▶ TASK GOAL:
Your output should be the lines of the data that follow, reproduced exactly from the first through the line bearing "Vintage Chinese Cloisonné".

Stored dataset items:
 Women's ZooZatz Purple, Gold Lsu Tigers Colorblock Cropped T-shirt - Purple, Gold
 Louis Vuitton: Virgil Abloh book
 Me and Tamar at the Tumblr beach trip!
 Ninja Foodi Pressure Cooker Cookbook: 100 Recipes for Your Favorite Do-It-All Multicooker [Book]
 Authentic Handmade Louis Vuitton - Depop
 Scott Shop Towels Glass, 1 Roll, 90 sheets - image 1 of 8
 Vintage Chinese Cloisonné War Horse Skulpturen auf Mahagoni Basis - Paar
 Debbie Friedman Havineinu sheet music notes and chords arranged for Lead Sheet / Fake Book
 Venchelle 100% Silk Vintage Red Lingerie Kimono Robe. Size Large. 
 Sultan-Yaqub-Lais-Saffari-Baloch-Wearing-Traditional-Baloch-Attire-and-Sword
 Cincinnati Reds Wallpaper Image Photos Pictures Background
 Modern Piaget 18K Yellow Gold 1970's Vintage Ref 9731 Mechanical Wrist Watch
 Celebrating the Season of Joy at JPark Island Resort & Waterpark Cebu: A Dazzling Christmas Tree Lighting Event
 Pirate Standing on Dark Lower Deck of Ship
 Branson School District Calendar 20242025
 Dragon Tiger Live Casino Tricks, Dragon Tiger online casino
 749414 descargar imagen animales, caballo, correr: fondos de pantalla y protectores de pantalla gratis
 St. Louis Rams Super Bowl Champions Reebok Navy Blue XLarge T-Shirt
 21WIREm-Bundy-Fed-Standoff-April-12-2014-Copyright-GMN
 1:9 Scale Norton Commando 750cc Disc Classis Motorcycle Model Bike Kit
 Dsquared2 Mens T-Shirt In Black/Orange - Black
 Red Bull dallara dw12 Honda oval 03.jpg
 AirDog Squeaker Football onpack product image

▶ SOLUTION FOR THIS TASK:
 Women's ZooZatz Purple, Gold Lsu Tigers Colorblock Cropped T-shirt - Purple, Gold
 Louis Vuitton: Virgil Abloh book
 Me and Tamar at the Tumblr beach trip!
 Ninja Foodi Pressure Cooker Cookbook: 100 Recipes for Your Favorite Do-It-All Multicooker [Book]
 Authentic Handmade Louis Vuitton - Depop
 Scott Shop Towels Glass, 1 Roll, 90 sheets - image 1 of 8
 Vintage Chinese Cloisonné War Horse Skulpturen auf Mahagoni Basis - Paar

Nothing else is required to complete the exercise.